— Классно, па, — сказал Джейк таким тоном, словно кто-то без спросу встрял в его жизнь и изменил ее кардинальным образом. — Но какое отношение это имеет ко мне? Кем я теперь стану? Этаким двоюродным братом-переростком, или кем-то вроде дяди? Как мне относиться к твоей семье? Как к своей собственной или как к чужой?

Рори не знал ответа на эти вопросы.

Но тут было и еще кое-что. Благодаря этому еще не родившемуся ребенку Рори словно обрел второе дыхание. Когда родился Джейк, Рори не думал о том, сколько проживет. Для него это не имело значения. Ему казалось, что вполне достаточно дожить до того момента, когда Джейк вырастет.

Но теперь Рори уже не был молодым человеком. Он лишний раз осознал это не далее как сегодня на занятиях, перед тем как Кэт пришла к нему на работу с радостной новостью. Почувствовал эту ноющую боль в мышцах и суставах. Конечно, он все еще мог сделать «маваши-гери» — удар ногой в повороте, с помощью которого с головы противника можно сбить шляпу, но потом у него так заныла коленка, что он понял: его время истекает.

К тому моменту, когда ребенок родится, ему будет уже за пятьдесят. Он вспомнил своего отца в этом возрасте. Тот был уже стариком, его жизненный путь подходил к концу. Ему оставалось всего десять лет жизни до обширного инфаркта.

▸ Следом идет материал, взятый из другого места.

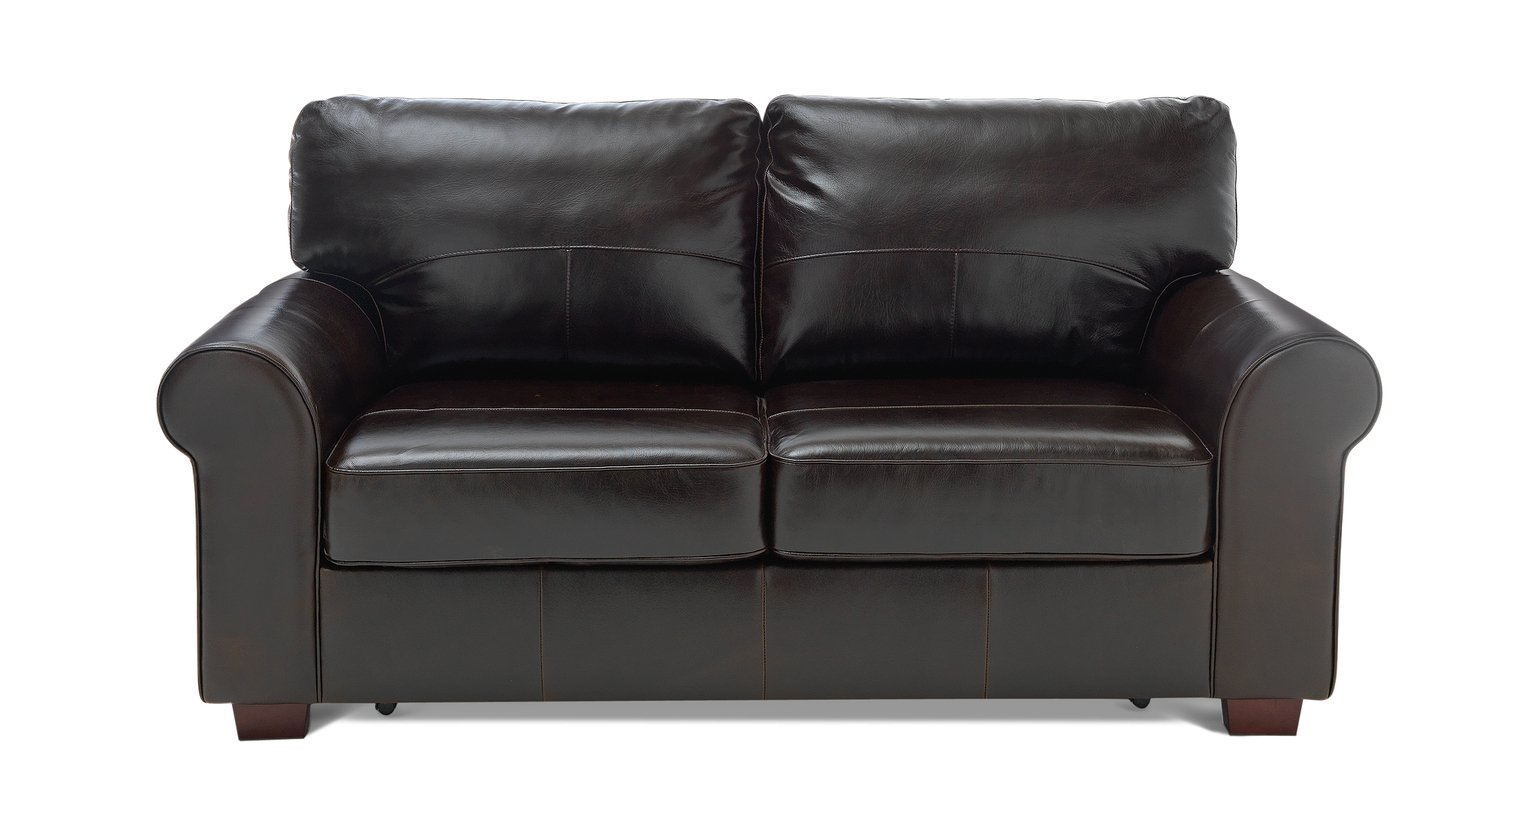 Argos Home Salisbury 2 Seater Leather Sofa Bed - Dark Brown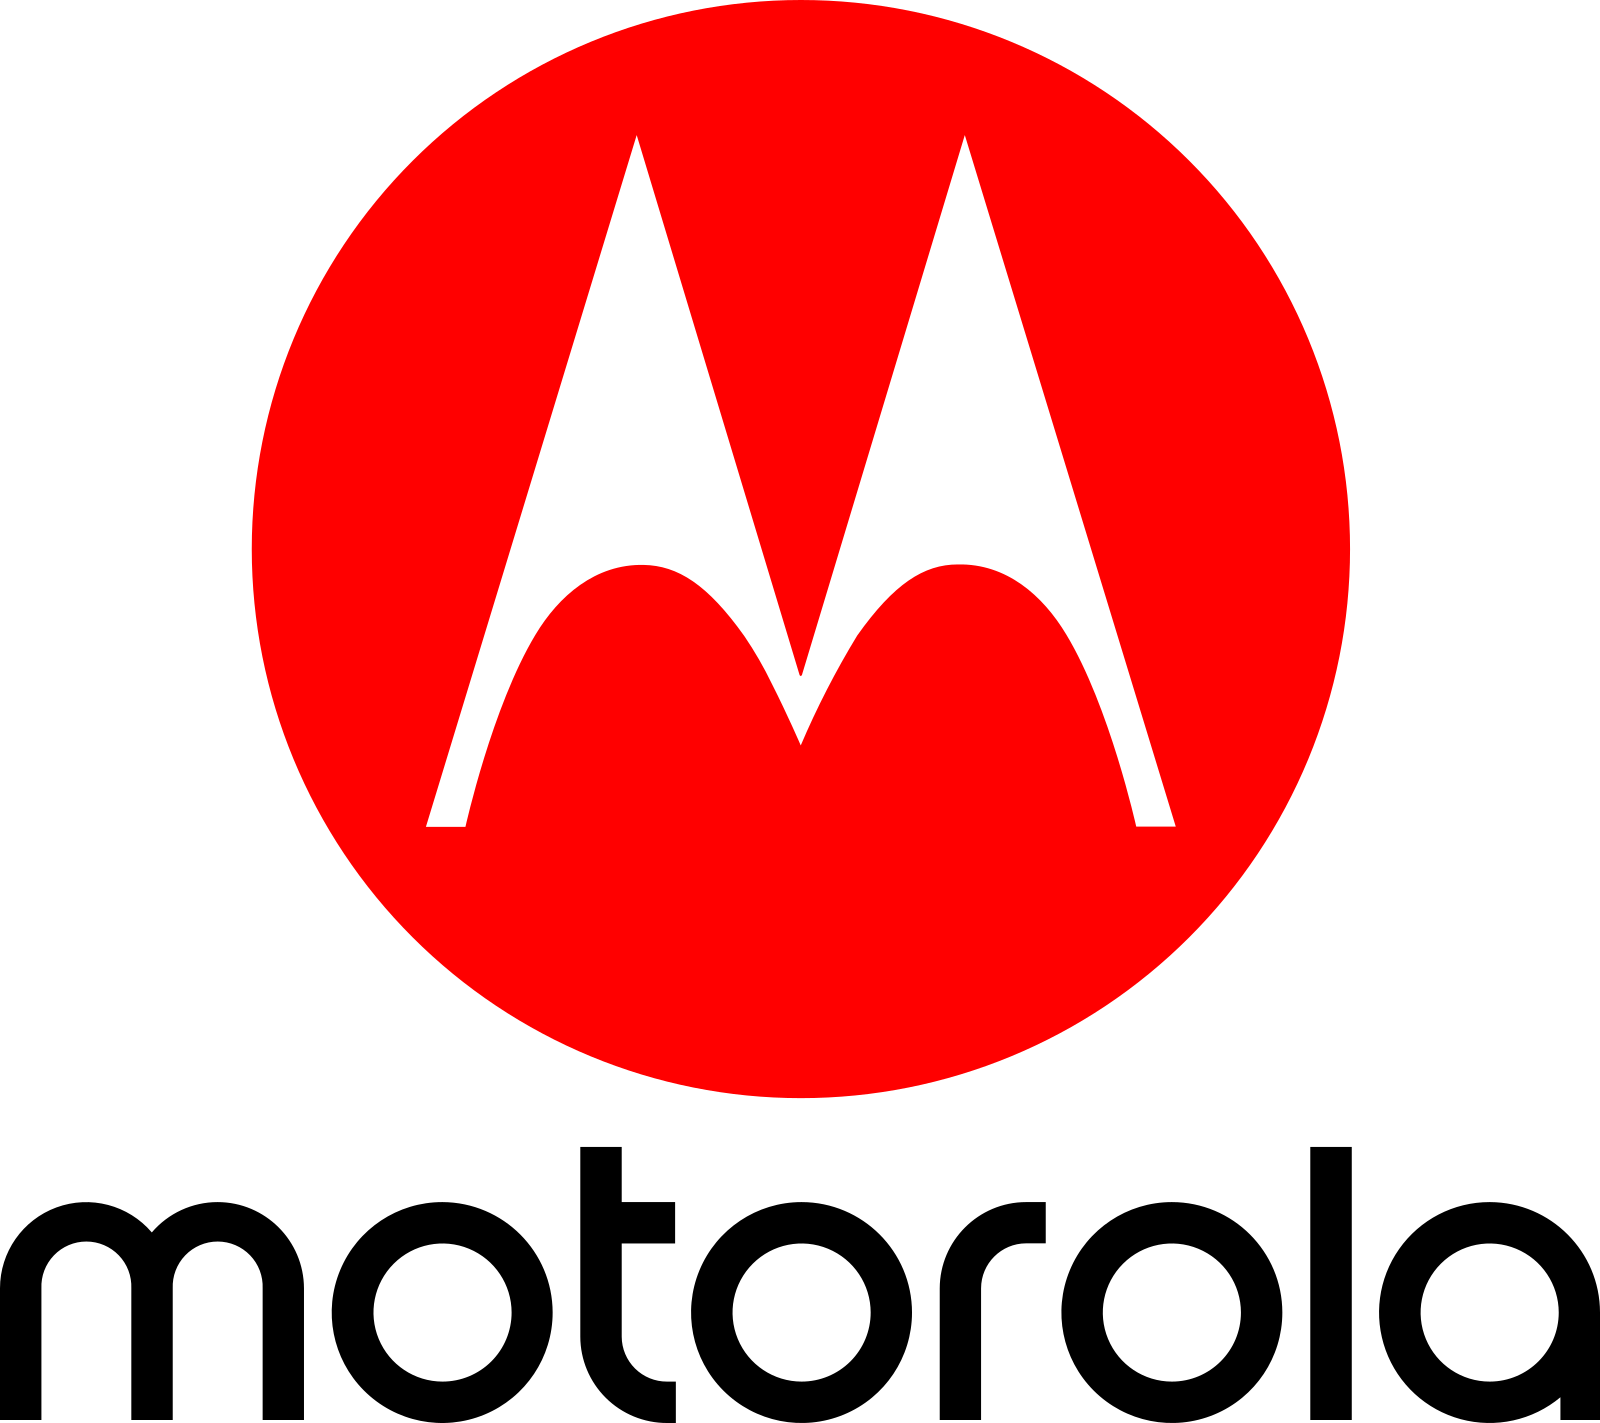 motorola logo 3 1 - Motorola Logo

Конечно, в отличие от своего отца, Рори никогда не курил. В отличие от многих представителей своего поколения, он не принимал наркотики. И благодаря работе постоянно оставался в форме — в гораздо лучшей форме, чем люди его возраста.

Но только идиот может поспорить с бегом времени. И когда ребенку Рори исполнится шестнадцать, его уже без всяких скидок можно будет назвать стариком. Если он, конечно, доживет до тех пор. Если не умрет в том же возрасте, что и отец. Если избежит рака, сердечной недостаточности, инсульта. Если не попадет под автобус.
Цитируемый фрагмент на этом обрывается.